I will lean on you with faith,
And support you with enthusiasm.
I will treasure our differences,
Knowing that they will lead us to places
We could never find alone.
You are the compass of my heart.
Earlier today, I purchased a plain sterling silver band and placed it on my other ring finger as a mark of commitment. It is a small gesture. It cost all of $15. But, I take it every bit as seriously as I take the ring on my other hand, because it is a reminder of what I need to do and why.
It is my hope that other people might choose to do the same... not as an empty symbolic gesture, but as a true commitment to doing whatever it takes to right this wrong. Symbols are nice, but work wins elections.
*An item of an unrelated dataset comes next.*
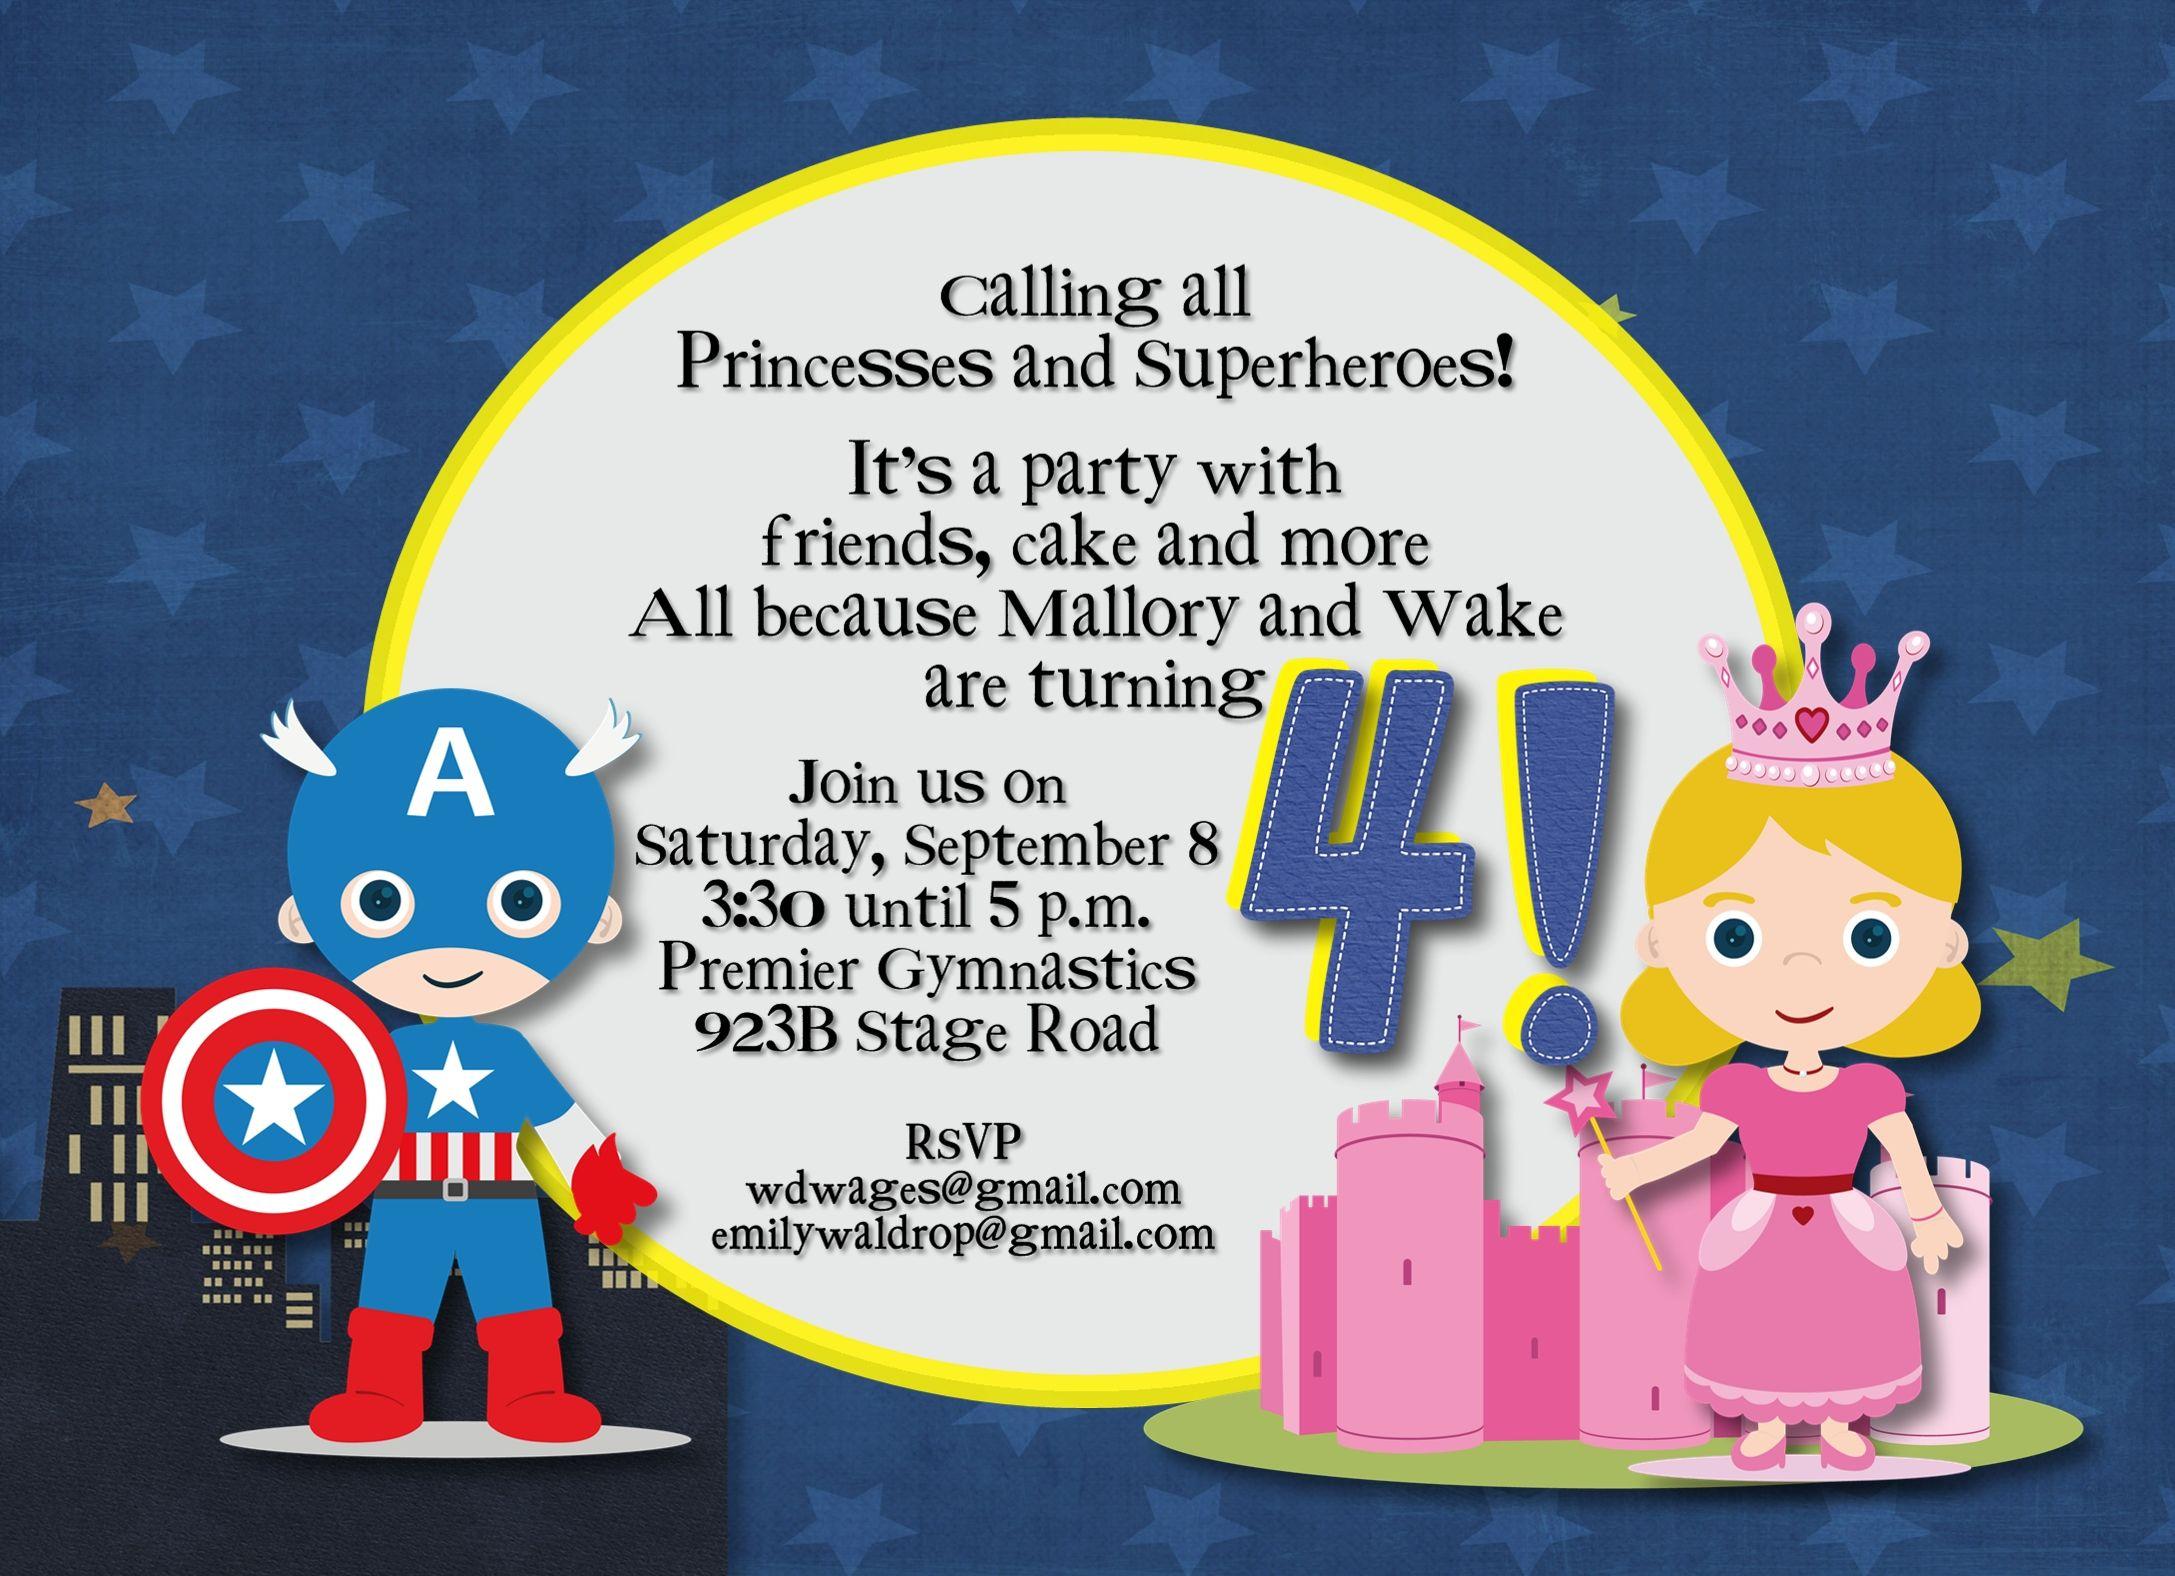 Superhero and Princess Party | WDWdesigns | Pinterest | Princess ...

So yes, today I bought another wedding ring. I will wear it every day to remind me to get off my ass and DO something to change the world. I will tell every person who asks exactly what it is and why I wear it, and I will say it proudly and loudly. I will wear it every goddamn day until my fellow GLBT citizens share in every single right that I am given as a matter of course, because I will be GOOD GODDAMNED if I will continue to sit back and accept that this shameful inequality is anything less than a fundamental issue of human rights, and anything less than a referendum on who we are as a people.
I am as committed to this as I have ever been to anything. Yes, brothers and sisters, I will marry you. Or, by God, I will die trying.